Segment Start: Data for analysis

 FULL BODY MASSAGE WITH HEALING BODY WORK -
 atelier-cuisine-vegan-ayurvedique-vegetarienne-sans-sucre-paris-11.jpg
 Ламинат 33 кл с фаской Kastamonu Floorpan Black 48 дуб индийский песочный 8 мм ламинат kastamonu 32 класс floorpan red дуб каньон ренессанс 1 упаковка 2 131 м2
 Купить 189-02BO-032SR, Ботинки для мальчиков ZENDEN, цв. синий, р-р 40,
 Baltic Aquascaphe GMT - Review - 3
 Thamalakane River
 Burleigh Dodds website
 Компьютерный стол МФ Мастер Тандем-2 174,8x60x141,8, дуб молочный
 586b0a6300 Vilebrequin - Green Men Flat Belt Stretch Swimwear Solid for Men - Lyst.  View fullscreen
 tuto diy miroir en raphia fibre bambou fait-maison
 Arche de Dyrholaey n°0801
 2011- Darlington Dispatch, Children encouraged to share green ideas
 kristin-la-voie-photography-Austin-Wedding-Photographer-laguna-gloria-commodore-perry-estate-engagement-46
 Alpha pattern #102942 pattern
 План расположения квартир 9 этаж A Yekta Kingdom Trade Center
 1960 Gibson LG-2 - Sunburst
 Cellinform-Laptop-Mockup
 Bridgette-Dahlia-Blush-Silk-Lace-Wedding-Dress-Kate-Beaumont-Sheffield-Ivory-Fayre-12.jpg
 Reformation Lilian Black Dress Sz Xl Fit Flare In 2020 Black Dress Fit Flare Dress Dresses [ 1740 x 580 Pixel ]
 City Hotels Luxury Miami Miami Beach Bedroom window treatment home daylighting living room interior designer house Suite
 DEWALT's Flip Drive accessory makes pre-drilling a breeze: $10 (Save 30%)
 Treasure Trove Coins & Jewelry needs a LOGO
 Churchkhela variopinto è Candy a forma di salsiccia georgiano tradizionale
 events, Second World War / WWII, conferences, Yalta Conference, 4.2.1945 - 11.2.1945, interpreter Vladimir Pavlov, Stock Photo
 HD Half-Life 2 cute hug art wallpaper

Segment End: Data for analysis

• [Required work]
Would you please repeat exactly the lines above, starting at the line with "Cellinform-Laptop-Mockup" and stopping at the line with "events, Second World", both included?

• [Response area]
 Cellinform-Laptop-Mockup
 Bridgette-Dahlia-Blush-Silk-Lace-Wedding-Dress-Kate-Beaumont-Sheffield-Ivory-Fayre-12.jpg
 Reformation Lilian Black Dress Sz Xl Fit Flare In 2020 Black Dress Fit Flare Dress Dresses [ 1740 x 580 Pixel ]
 City Hotels Luxury Miami Miami Beach Bedroom window treatment home daylighting living room interior designer house Suite
 DEWALT's Flip Drive accessory makes pre-drilling a breeze: $10 (Save 30%)
 Treasure Trove Coins & Jewelry needs a LOGO
 Churchkhela variopinto è Candy a forma di salsiccia georgiano tradizionale
 events, Second World War / WWII, conferences, Yalta Conference, 4.2.1945 - 11.2.1945, interpreter Vladimir Pavlov, Stock Photo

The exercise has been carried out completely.